Studio album by Kristin Chenoweth
- Released: September 23, 2016
- Recorded: Spring–summer 2016 Blast Off Studio and Sunset Sound
- Genre: Vocal pop, jazz
- Label: Concord
- Producer: Steve Tyrell

Kristin Chenoweth chronology
| Coming Home (2014) | The Art of Elegance (2016) | For The Girls (2019) |

Singles from The Art of Elegance
- "The Very Thought of You" Released: August 19, 2016; "Smile" Released: September 9, 2016;

= The Art of Elegance =

The Art of Elegance is the sixth album and fifth studio album of actress and singer Kristin Chenoweth.

Professional ratings
Review scores
| Source | Rating |
| Allmusic | Star |

==Overview==
In spring 2016, Chenoweth announced via Twitter that she was working on a new studio album, set to be released in spring 2017. The release date was pushed forwards though, and in mid-August, Chenoweth announced via social media that it would be released on September 23, 2016. The following week she announced the title, and shortly afterwards released the cover photo.

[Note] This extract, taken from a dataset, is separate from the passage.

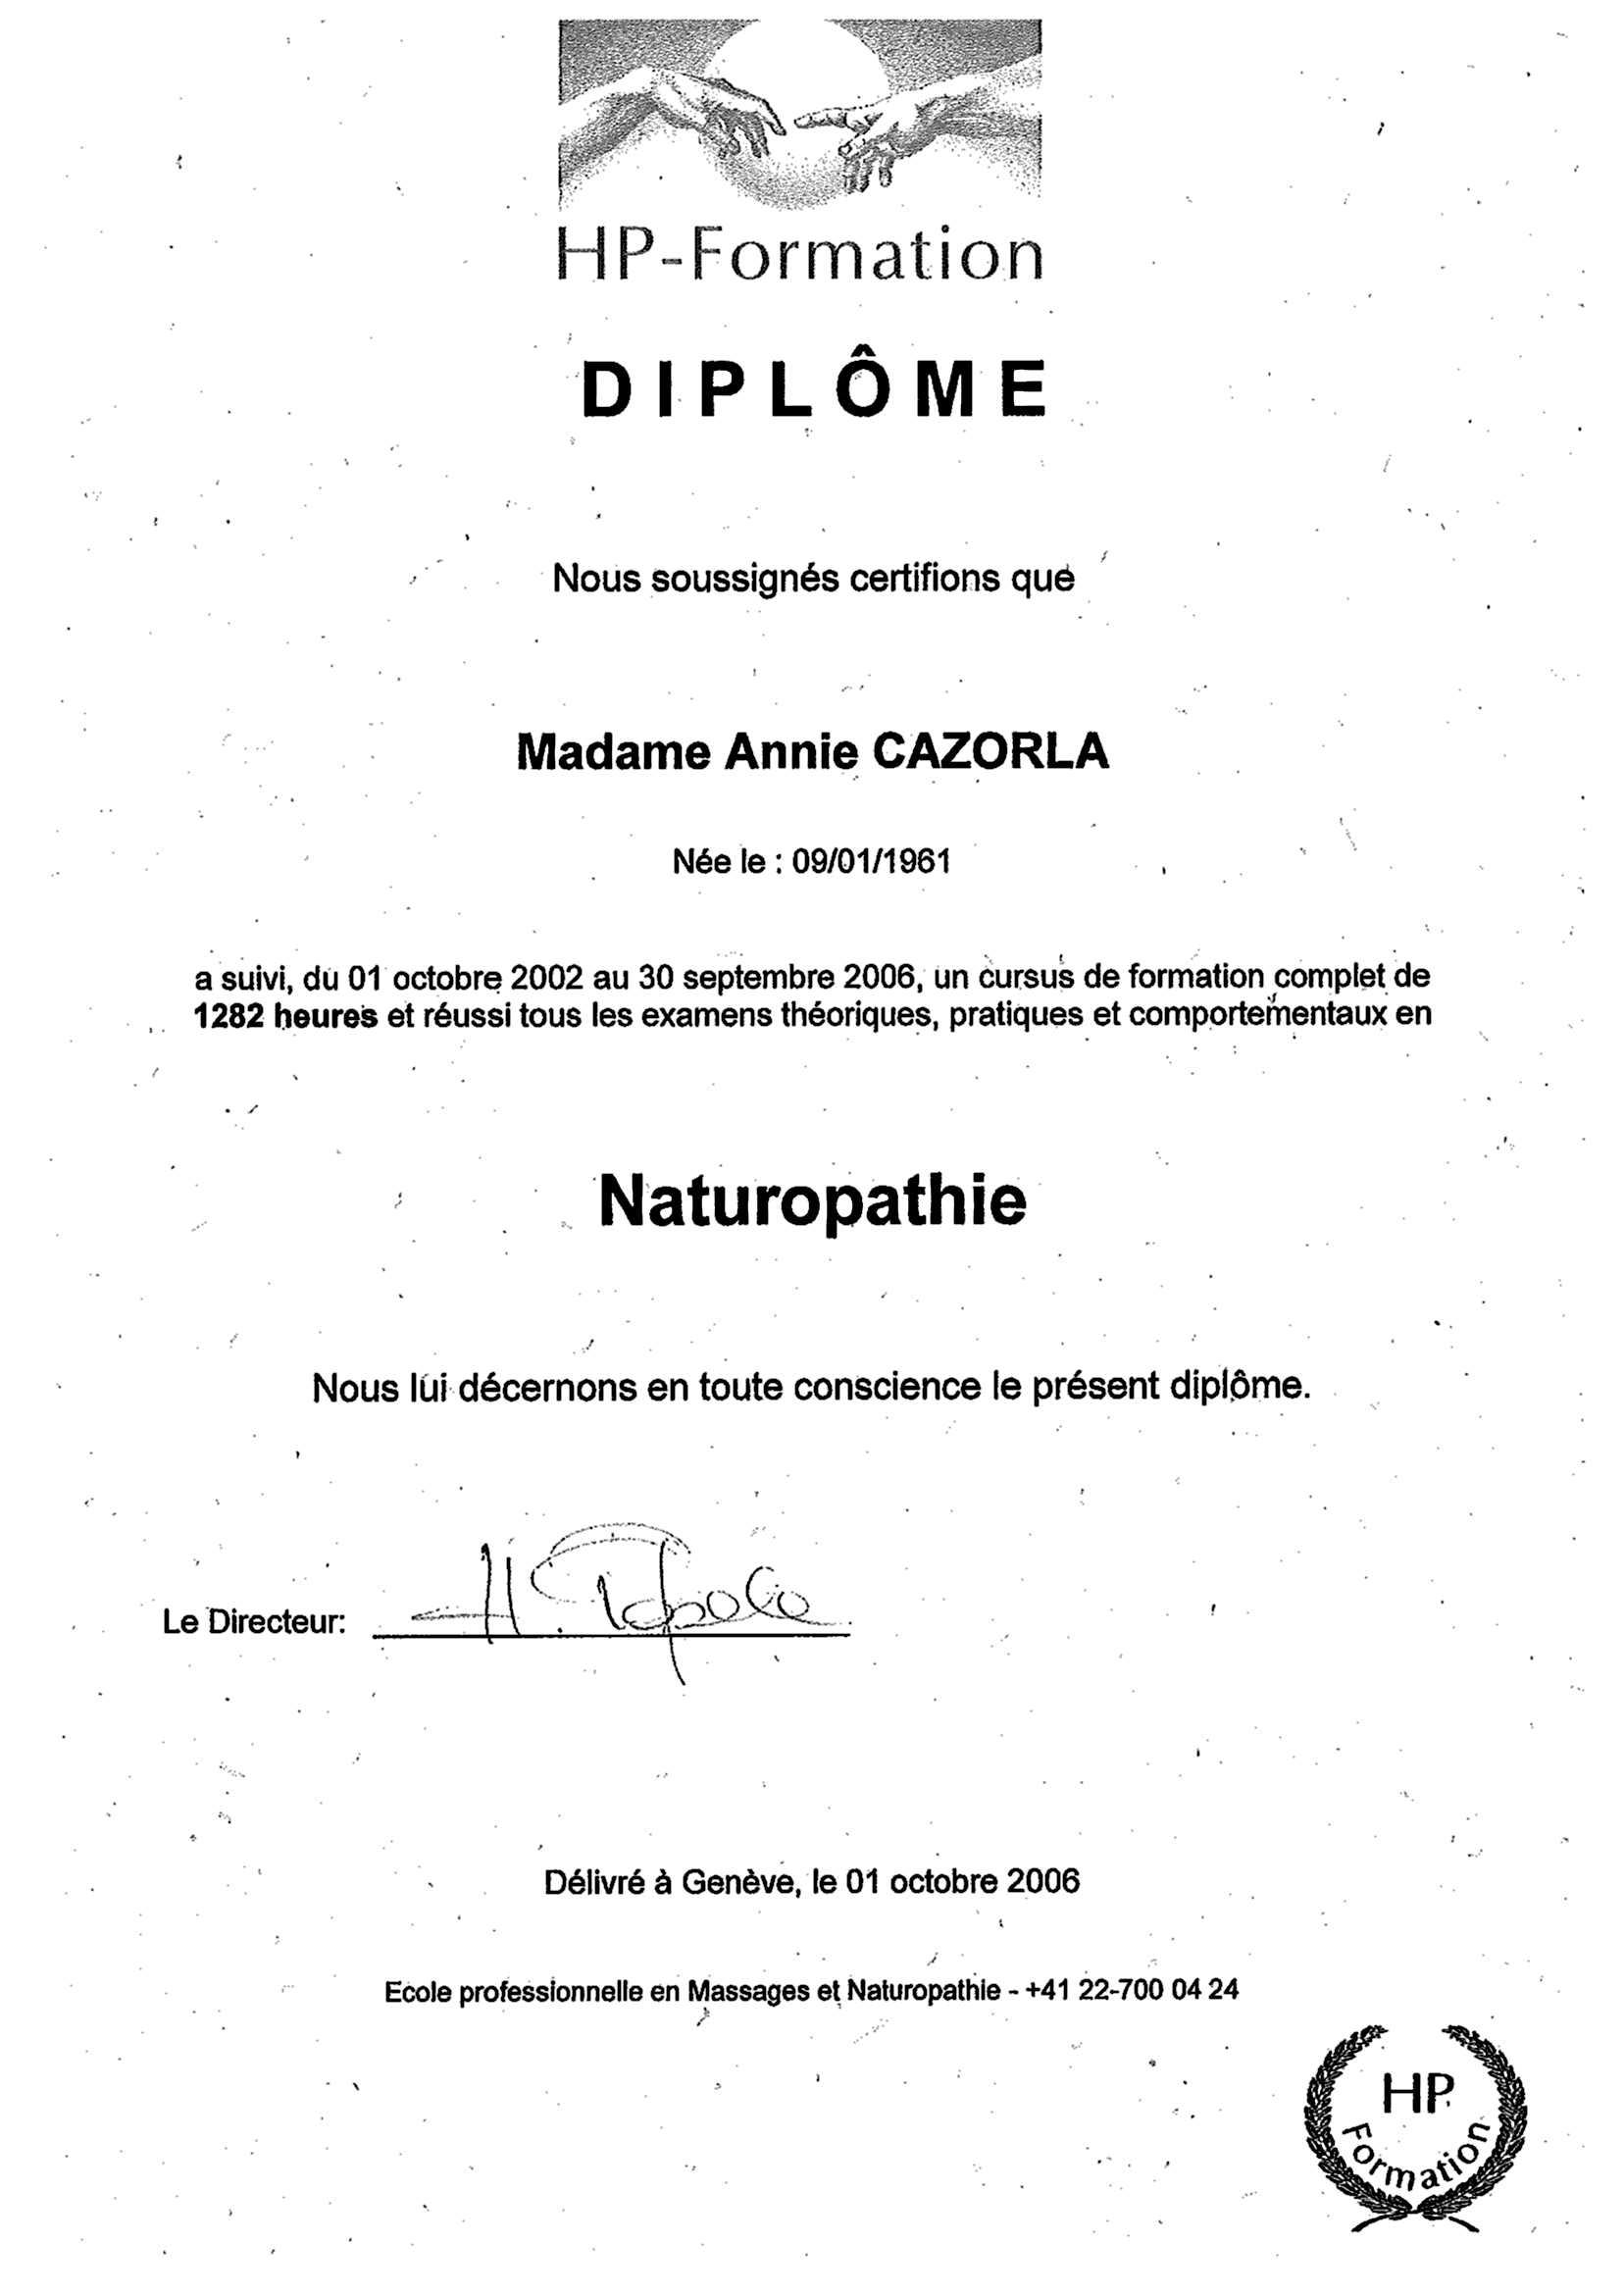 diplome_naturopatie

Chenoweth revealed that the recording would be covers of selections from the Great American Songbook, and released the first single, "The Very Thought of You" on August 19. A second single, "Smile" was released on September 9.

This album also marks Chenoweth's second Great American Songbook-themed album. Her first was her 2001 debut album Let Yourself Go, which featured mostly classic songs from the 1940s.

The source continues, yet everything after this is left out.